Días antes de viajar a Venezuela, los Carajo charlaron con Rock.com.ar sobre la producción de su último disco.
Llegamos media hora antes de lo convenido. Pero llegamos y eso es lo que importa. Universal altísimo, nos dejo pasar igual. Salimos del ascensor y, de alguna manera, fuimos devoradas por la musicalidad.
Cuando los Carajo editaron su primer disco en 2002, estaban recién venidos, no como músicos pero sí como banda. “Atrapasueños” y “Electrorroto” y los mostró mas firmes, más afianzados. ¿En qué momento los encuentra “Inmundo”? En el aquí y ahora.
Corvex: Mucho más experimentados y consolidados musicalmente. Igualmente, esto es un aprendizaje constante y nunca se llega al punto máximo que uno imagina. Y gracias a Dios, y a nuestro trabajo, este disco nos encuentra orgullosos y felices. Ahora que lo podemos escuchar más como oyentes y no tan desde adentro, la verdad, siento que es un disco buenísimo que tiene, quizás, lo mejor que pudo hacer cada uno, que suena bárbaro ya que se trabajo mucho a nivel sonido.
Tiene guitarras mucho más claras, más pulidas, en comparación al disco de estudio anterior.
Corvex: Sí. Es una búsqueda con más sutilezas, donde cada sonido intentó tener su lugar ganado en la canción sin perder la fuerza.
Andy: Se trabajó mucho en la redondez de la canción, en el sentido estructural y lo que pasaba ahí adentro. Para que cada sonido se destaque por su naturalidad. Laburamos mucho en la sala, en la posproducción. Además es el tercer disco y es la misma gente, en cuanto a técnicos y productores.
Corvex: Hubo gente nueva, también, como Pichón Dalpont. Fueron tres personas que trabajaron la mezcla en momentos diferentes. Cada uno le fue dando su toque. Ésto en cuanto a sonido, porque prácticamente las canciones ya estaban casi armadas.
Queríamos que fuera algo pesado pero, como vos decís, más refinado.
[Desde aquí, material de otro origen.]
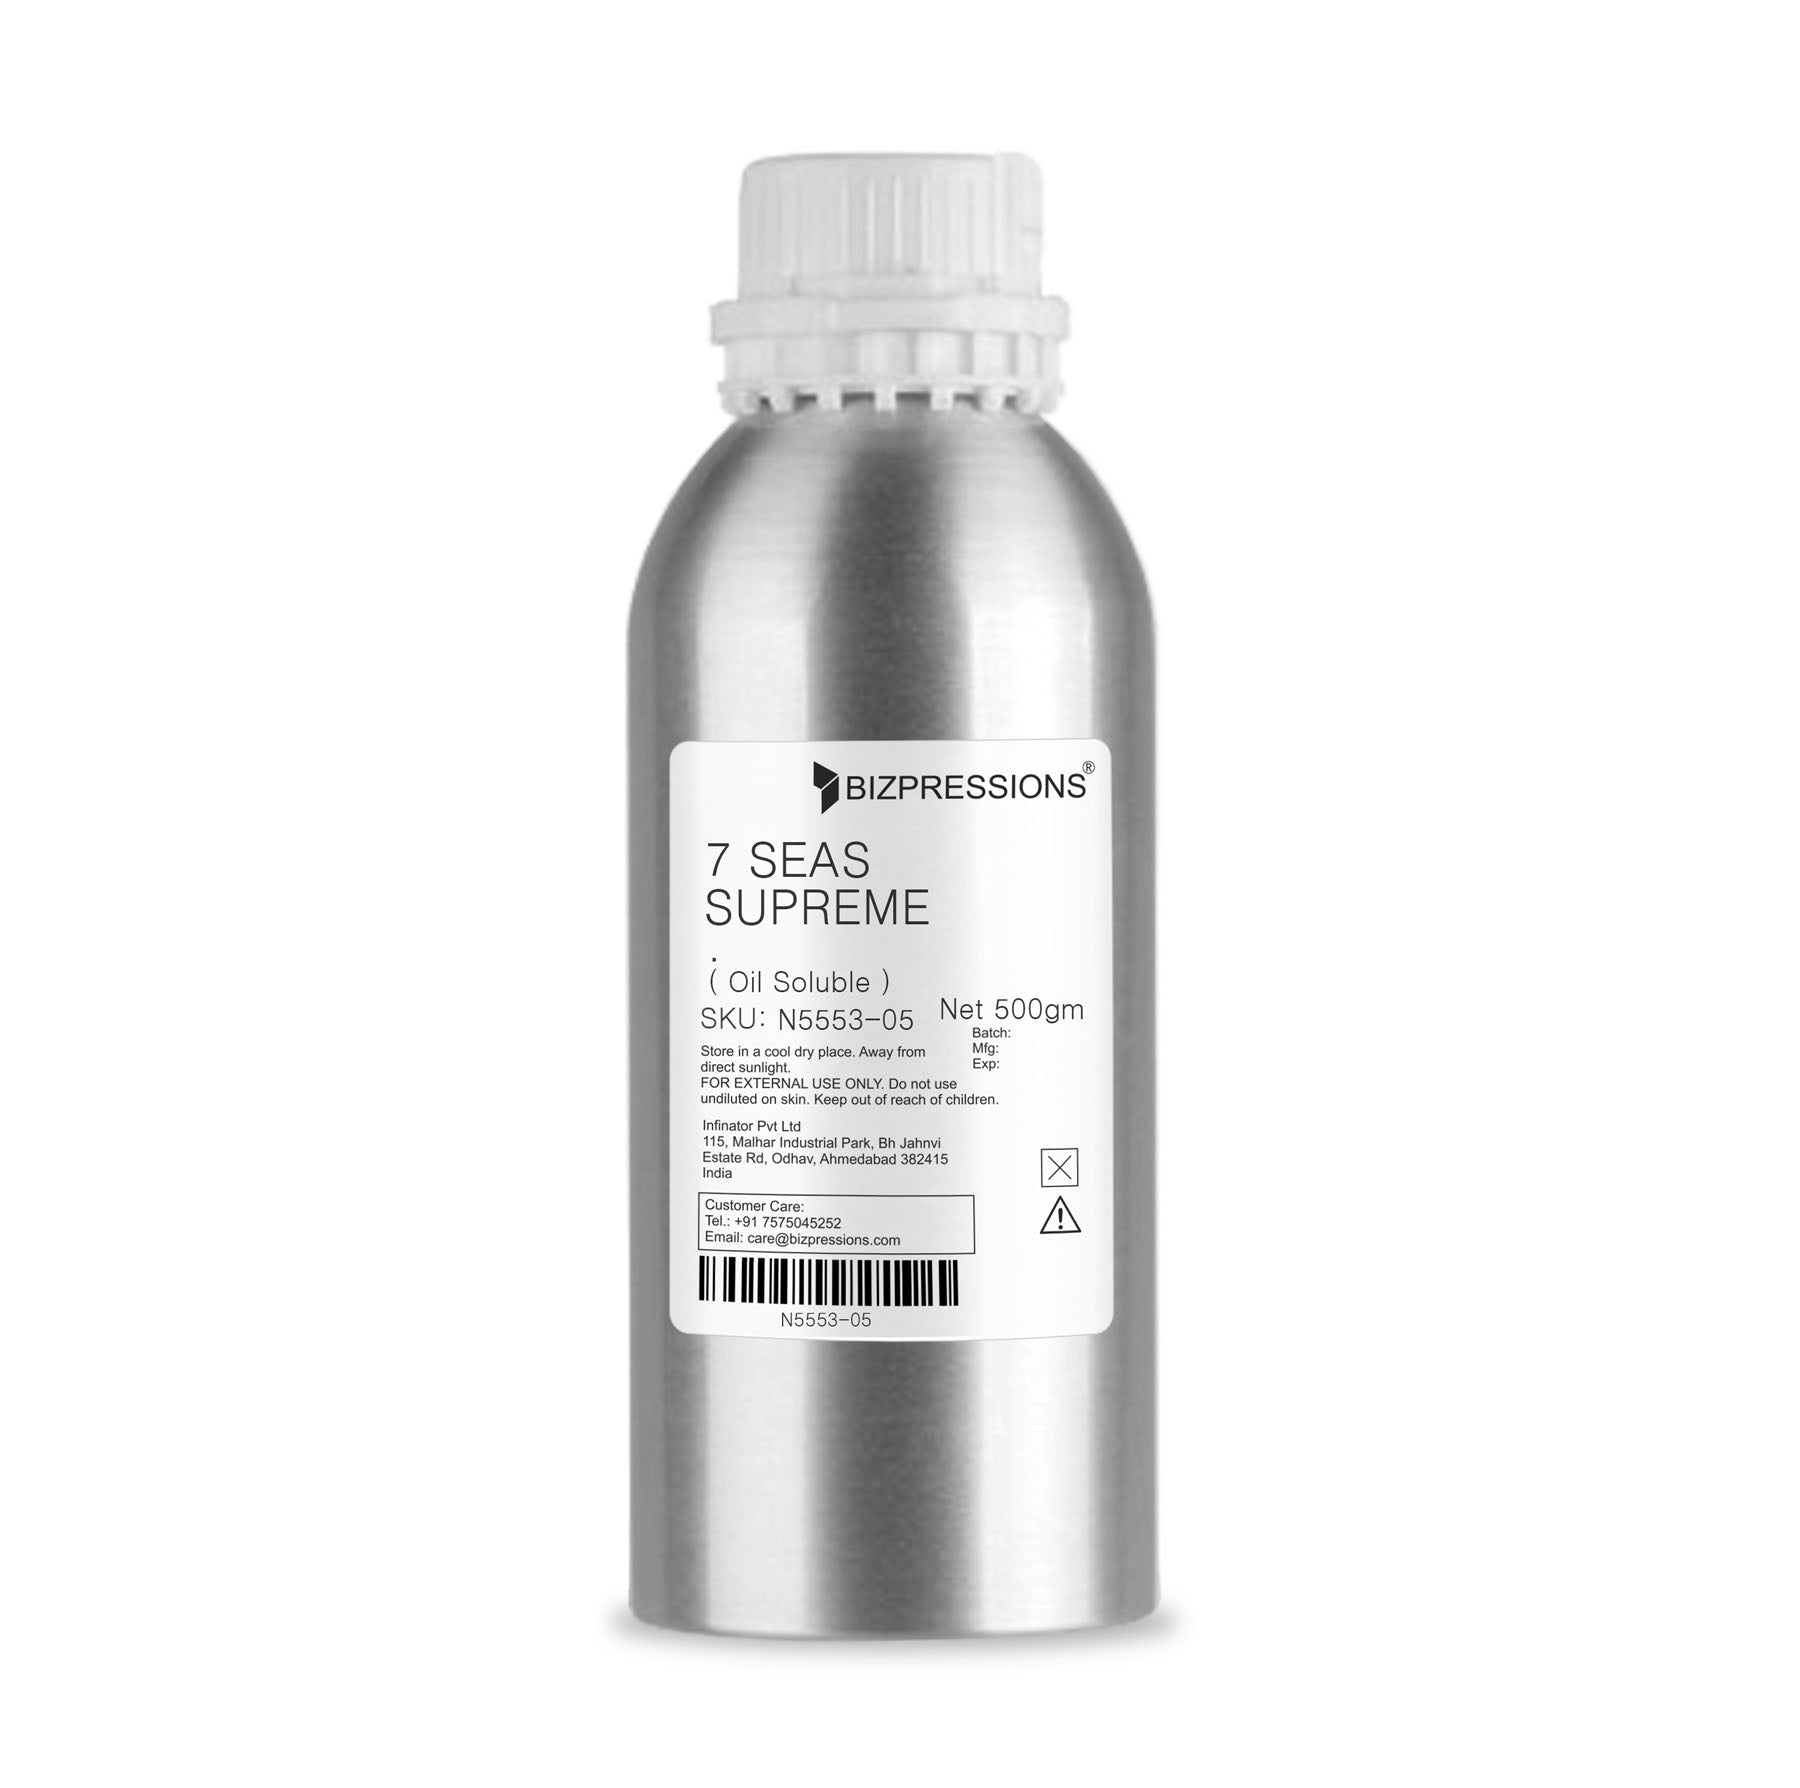 7 SEAS SUPREME - Fragrance ( Oil Soluble ) - 500 gm

Más moderno, que no tenga nada que envidiarle a los discos de afuera.
Cuando se está gestando algo, uno pone mucha ilusión en eso que gesta. ¿Qué soñó Carajo al momento de crear “Inmundo”?
Andy:Nosotros mencionamos a toda la gente que trabajó en el disco porque cada uno cumple su función, en cuanto a las etapas. Por lo general, todos componemos y hacemos todo lo que nos viene, en cuanto estilos y hasta incluso, en cuanto a las estructuras. Y esa es una primera etapa en la que se hacen canciones. Entonces, en ese momento entra Alejandro (Vázquez) y nos va orientando. Nos libera a nosotros de meternos tan adentro y perder la objetividad que él tiene, de alguna forma, por estar afuera.
Corvex: Saca lo mejor de nosotros. Se toma un momento con cada instrumento y entonces ese momento de intimidad con él, le sirve para saber cómo va saliendo todo.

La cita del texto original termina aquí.